The Noida Society for Prevention of Cruelty to Animals (SPCA) (now called the Noida Authority Animal Shelter) has been a safe space for the care and rehabilitation of over 1200 abandoned, diseased or abused animals. But after a dispute between the local authority and the shelter staff over the non-payment of salaries for 3 months, the shelter was struggling to provide basic services to the animals in its care. FIAPO was proud to stand by all those who stepped up to support the shelter as the problems with the local authority eventually resolved.
Unfortunately, shelters, hospitals, hospices and sanctuaries for animals don’t just struggle because of apathetic (or sometimes manipulative) public offices. Sometimes there isn’t enough staff, sometimes the protocols and policies are poor (or worse, absent), sometimes the people running the shelter need training and often there are too many animals without adequate resources or manpower or space to care for them. Meanwhile, there are (by some estimates) 12 million street dogs in India, and even more abandoned dairy cattle, horses, donkeys, pigs, monkeys, birds, reptiles and many other animals that get caught up in conflict in our urban jungles.

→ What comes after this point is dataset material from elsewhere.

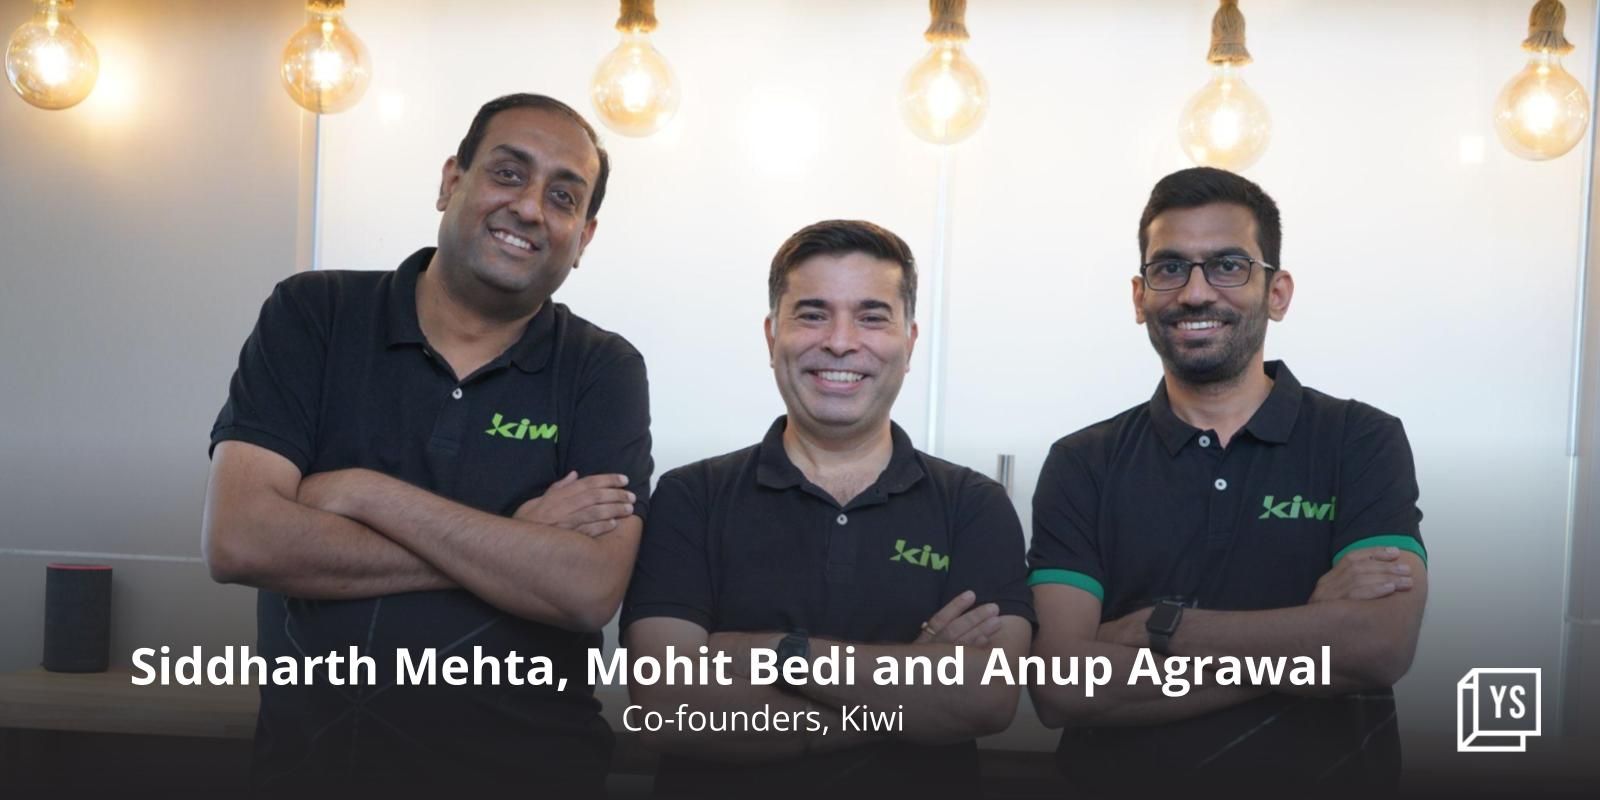 Fintech startup Kiwi raises $13M in a Series A round led by Omidyar Network India

While the animal care facilities in our country are burdened and struggling, the animals in distress continue to grow. If we are serious about providing care at any significant scale, clearly the sheltering model isn’t going to work, calling for a radical shift in how we respond with a more sustainable method of caring for street animals.
An alternative model that stands a winning chance is that of on-site first-aid programme. A vigorous and well-planned on-sight first aid program uses lesser resources than a shelter, is a more timely approach for treatment, and can provide aid to 70% of the cases that need assistance.
Popularised in Mumbai (thanks to the work of Abodh Aras of the Welfare of Stray Dogs),and run successfully in Pune, and with FIAPO-led projects in Indore and Varanasi, this model enables us to treat animals with wounds, skin ailments, maggot infections and small injures where they live, enabling them to also heal much faster and escape the infections of a shelter- saving time and considerable resources which can otherwise be utilized by shelters to tend to more critical cases. Imagine if 70% of all dogs in a shelter didn’t have to be there and could just be treated on-site!
However, if you are already doing first-aid of animals in your city, be warned! It is easy to miss out the key ingredients that make an on-site first-aid programme a viable alternative to taking every animal to the shelter. Unless you are following the methodology of mapping your area (and sticking to it), identifying and training volunteers, nurturing your community, measuring impact, recording data and follow-ups – and doing this in an organized, systematic manner, you are unlikely to reap the benefits of this wonderful technique. (So write in if you’d like to know more!)
Not only is on-site first-aid great for the animals, but it is one of the strongest ways to foster a positive relationship between the communities and its resident animals. Done regularly and with method, many people in local communities step up to join the programme, or foster dogs needing more attention, or at least make a phone-call if an animal is injured in their community. This way, we can not only provide life-saving first-aid to animals, but also ensure that the community they live in itself cares for them.
Having an alternative to shelters means that under instances of neglect and difficulty at many facilities, we are better prepared with a holistic model which is certainly the need of the hour. So if you are wanting to do more for animals in your city, it’s time to re-imagine your goal – not a shelter under pressure struggling to help animals brought to it, but a people-powered wave of change that reaches animals all over the city, with love and medicine.